CMC Motors Group has decided to exit the Kenyan, Ugandan, and Tanzanian markets due to significant economic headwinds.
The company cited economic pressures, currency depreciation, and rising operational costs as key factors in this difficult decision.
“CMC Motors Group has decided to gradually wind down operations in full compliance with local regulations and distributorship agreements,” said the company in a statement.
“This decision follows a thorough evaluation of the business in light of sustained market challenges, including economic pressures, currency depreciation, and rising operational costs,” the statement read in part.

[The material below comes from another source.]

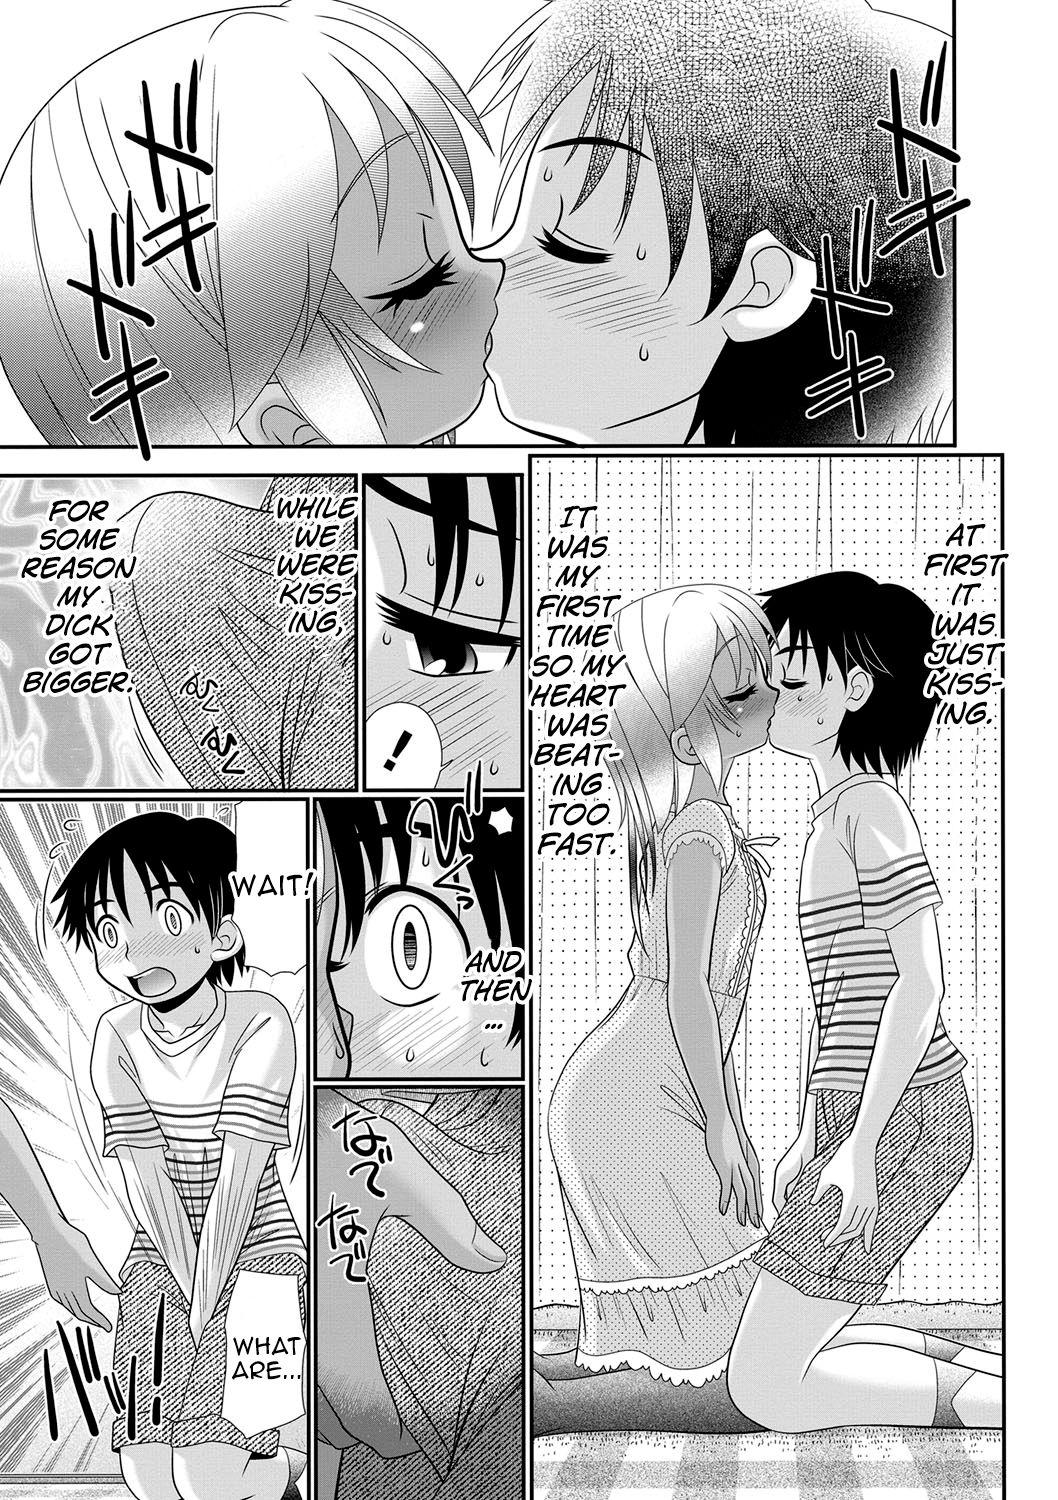 [R-Koga] Hiyake Sex Enikki - Picture Diary of a xxx with the Suntanned Ch.1-2 [Digital] [English] [MrBubbles] 16

“Over the past 40 years, CMC Motors Group has played a vital role in supporting East Africa’s agricultural sector through the delivery of quality service, mechanization solutions, and steadfast support to its customers.
“However, despite restructuring efforts and a transformation program initiated in 2023, the market conditions have not provided a sustainable path forward,” the statement further read.
This move will impact hundreds of employees and marks the end of a 40-year era for CMC Motors, a prominent player in East Africa’s automotive and agricultural sectors.
“The company is committed to ensuring a smooth and orderly wind-down in compliance with all relevant agreements and regulations,” CMC stated.
CMC Motors Group Limited, part of the Al-Futtaim Group product portfolio, includes the exclusive distribution of New Holland Tractors, FieldKing Farm Implements, Nardi Farm Implements, and Hero motorbikes from the world’s largest motorcycle manufacturer, Hero MotorCorp.